*** Provided data ***
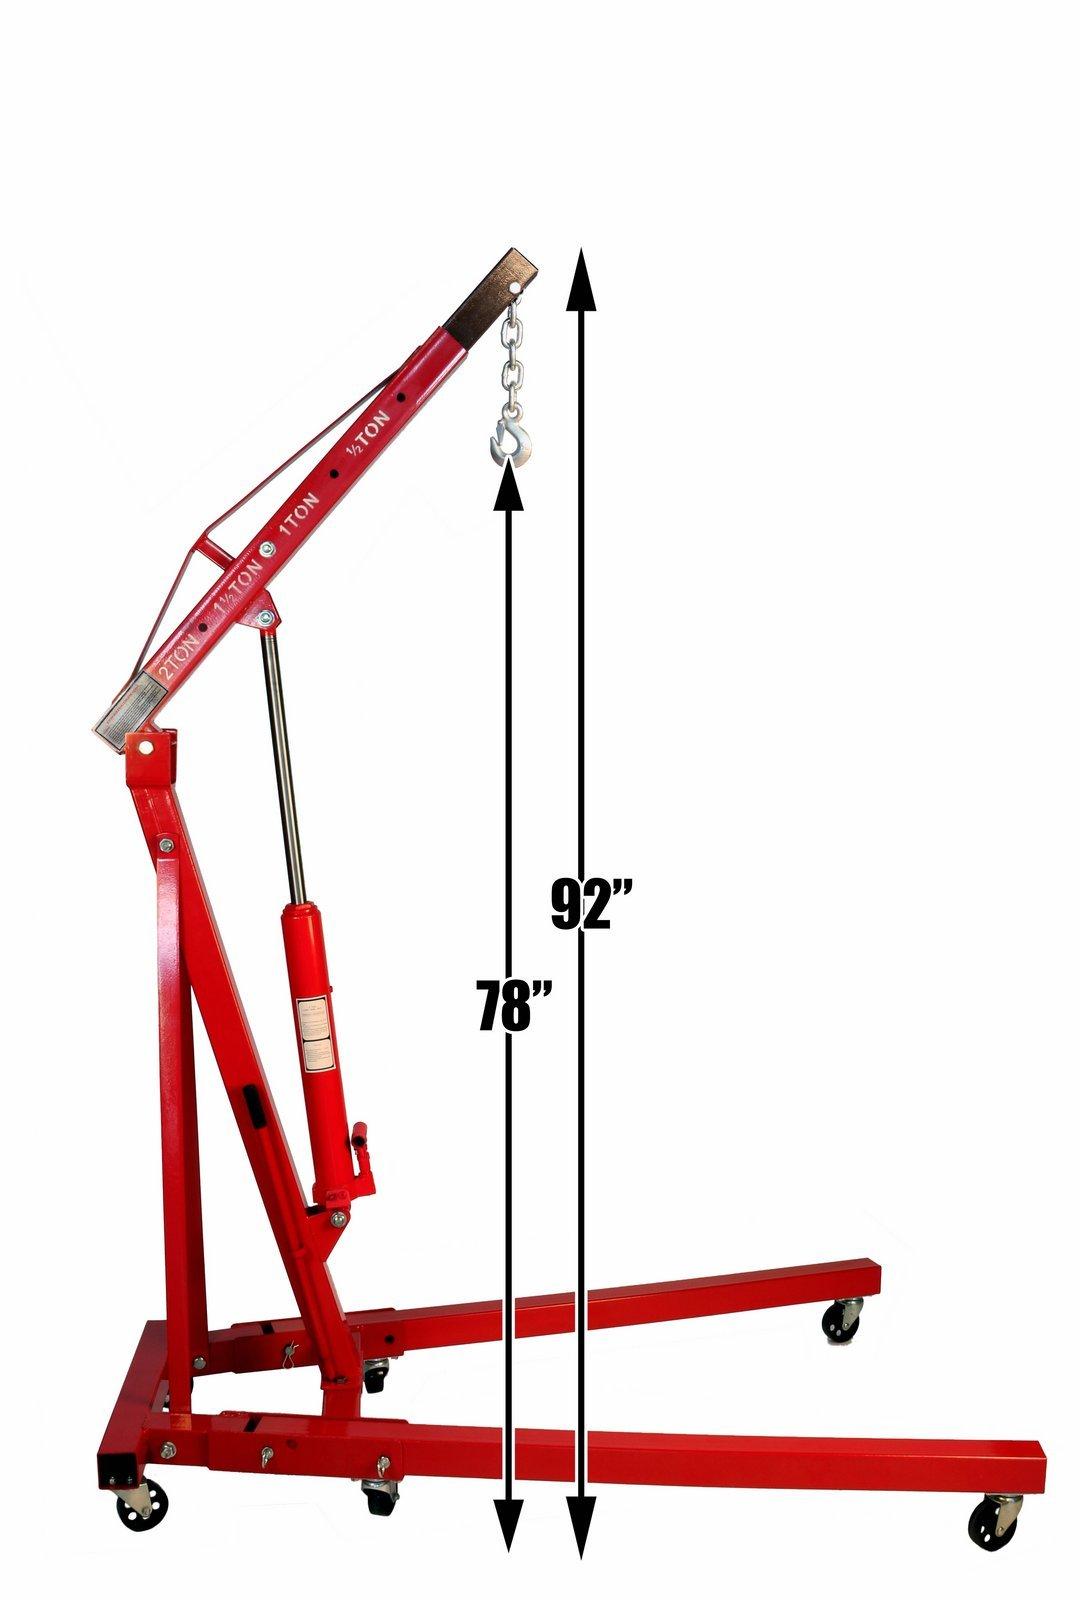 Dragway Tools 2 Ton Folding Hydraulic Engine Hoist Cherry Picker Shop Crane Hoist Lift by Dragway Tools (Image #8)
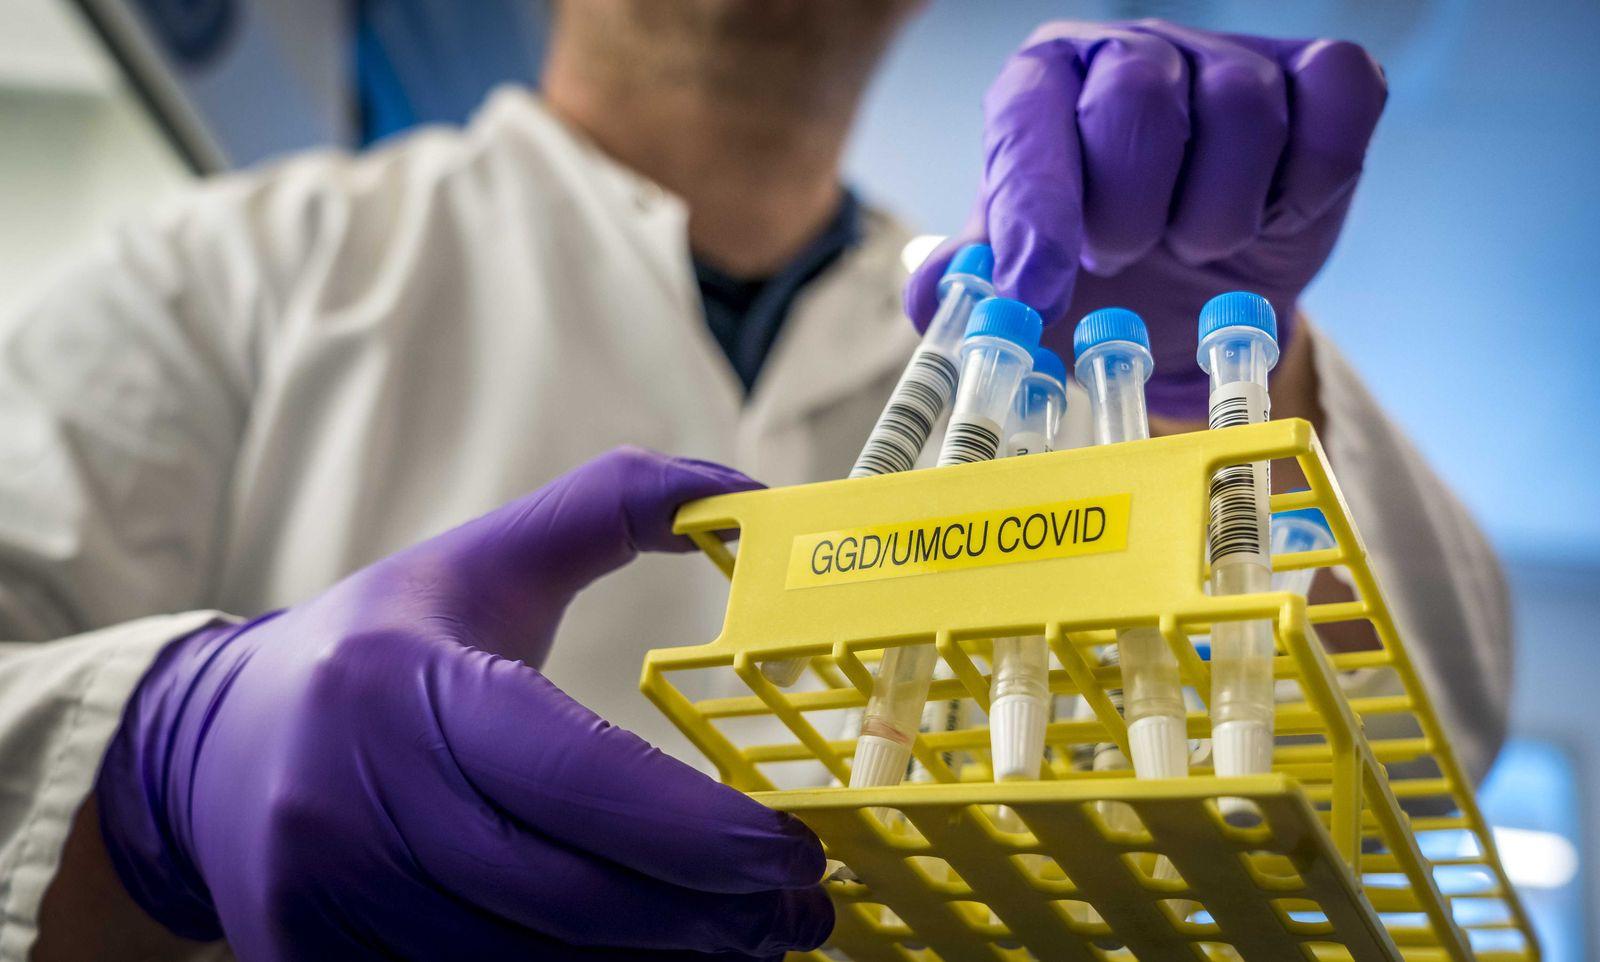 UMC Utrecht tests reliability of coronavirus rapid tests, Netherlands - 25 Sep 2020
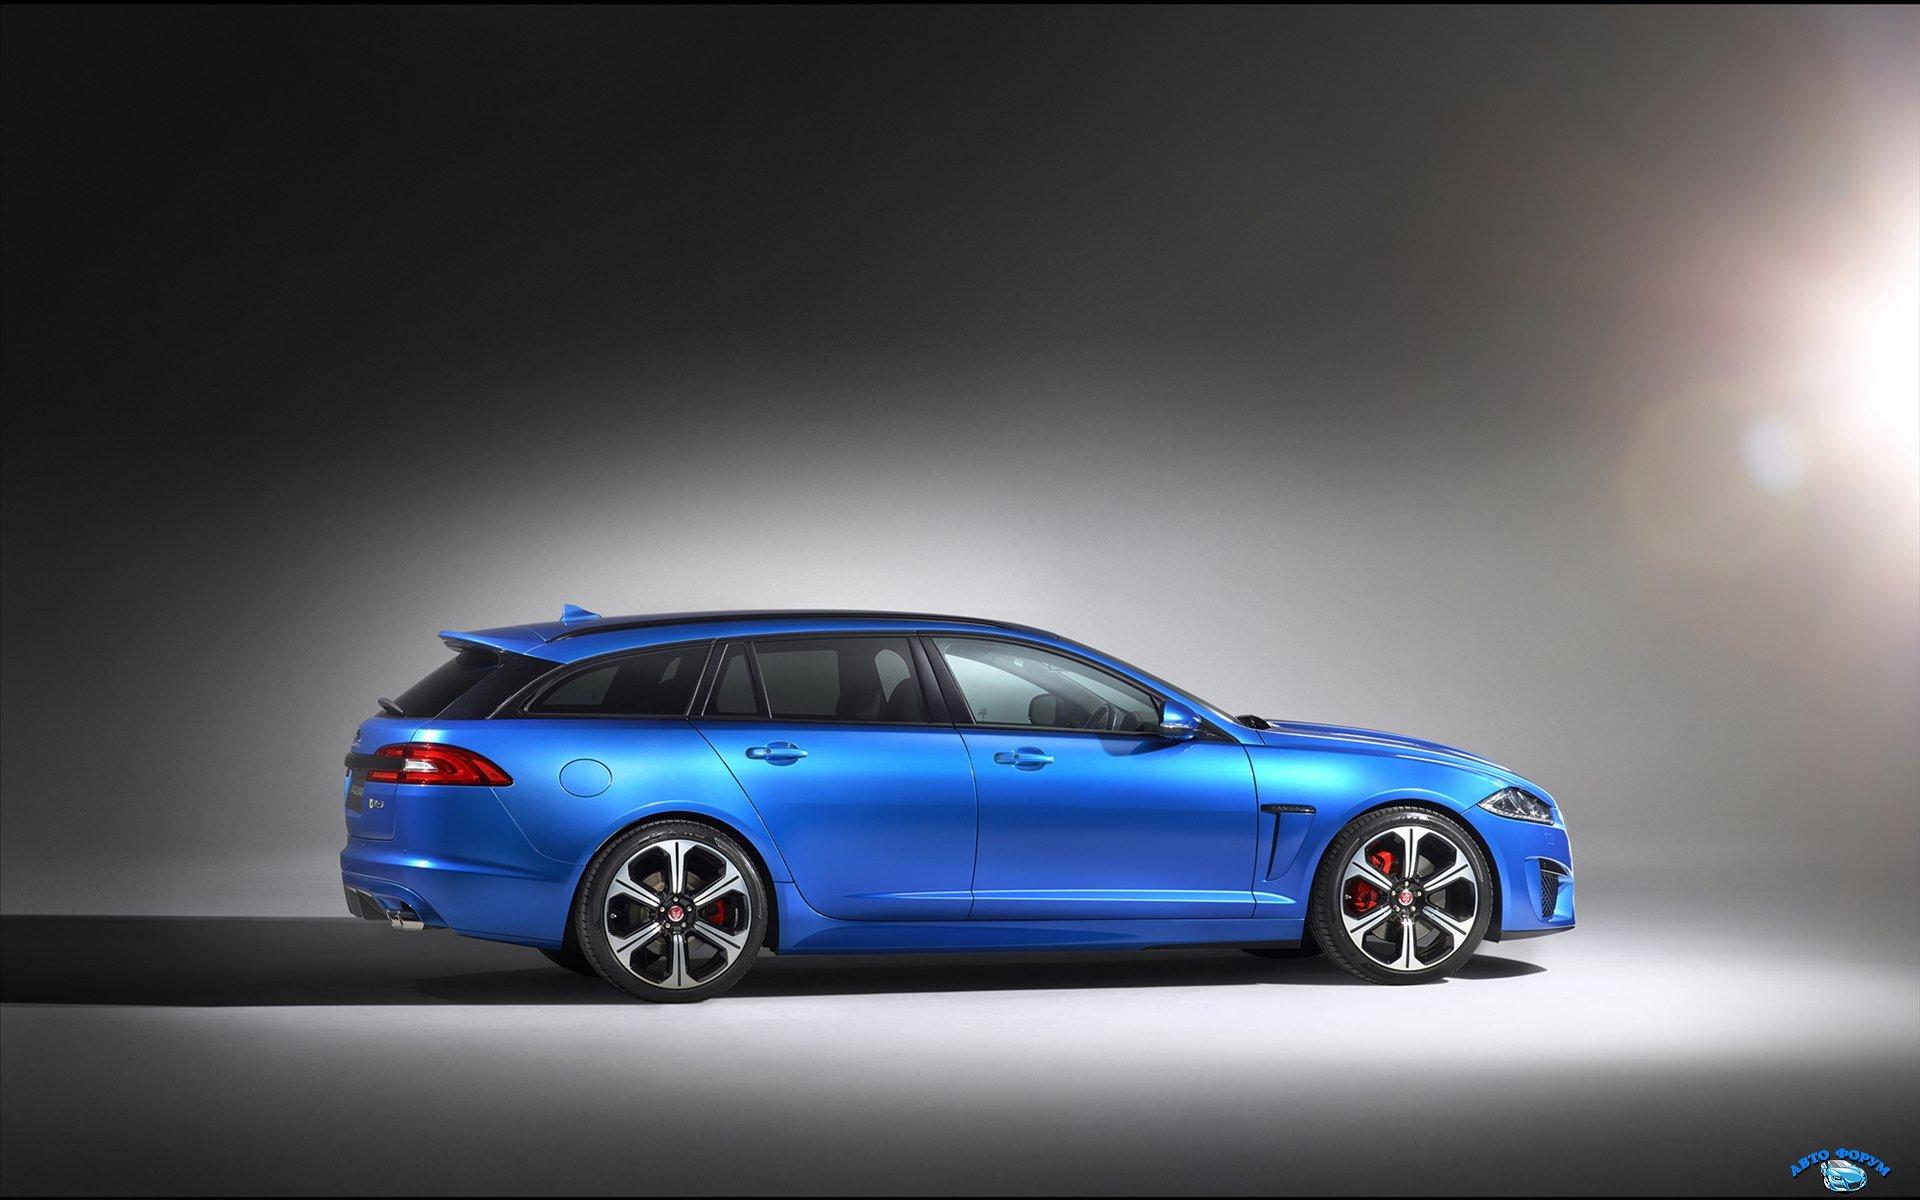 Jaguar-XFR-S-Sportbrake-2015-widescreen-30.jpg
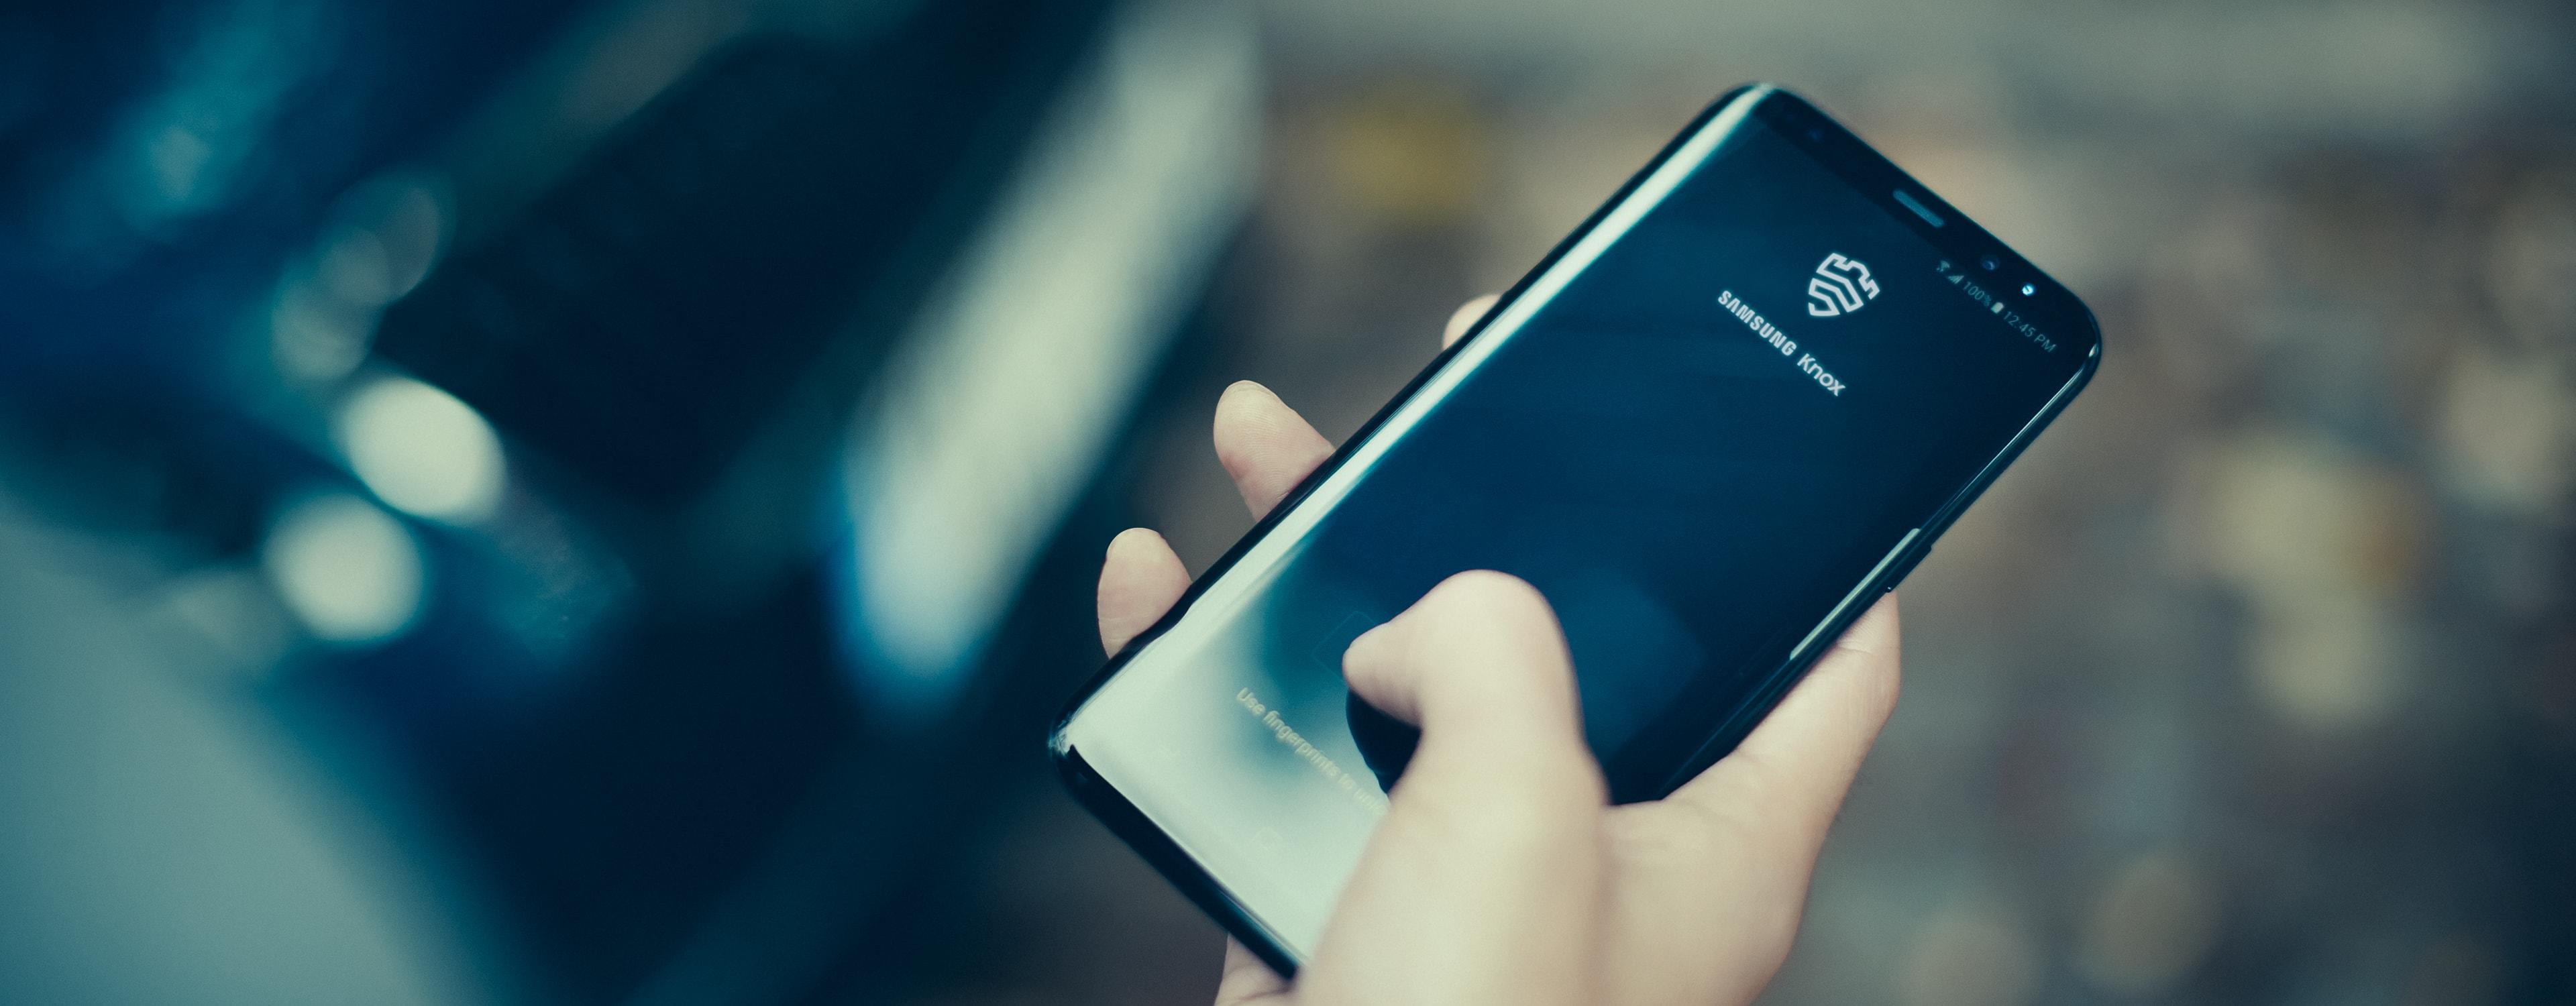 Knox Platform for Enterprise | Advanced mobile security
***
**Task:** Could you return the whole listing exactly, with every picture removed?

**Response to the exercise:**
 Dragway Tools 2 Ton Folding Hydraulic Engine Hoist Cherry Picker Shop Crane Hoist Lift by Dragway Tools (Image #8)
 UMC Utrecht tests reliability of coronavirus rapid tests, Netherlands - 25 Sep 2020
 Jaguar-XFR-S-Sportbrake-2015-widescreen-30.jpg
 Knox Platform for Enterprise | Advanced mobile security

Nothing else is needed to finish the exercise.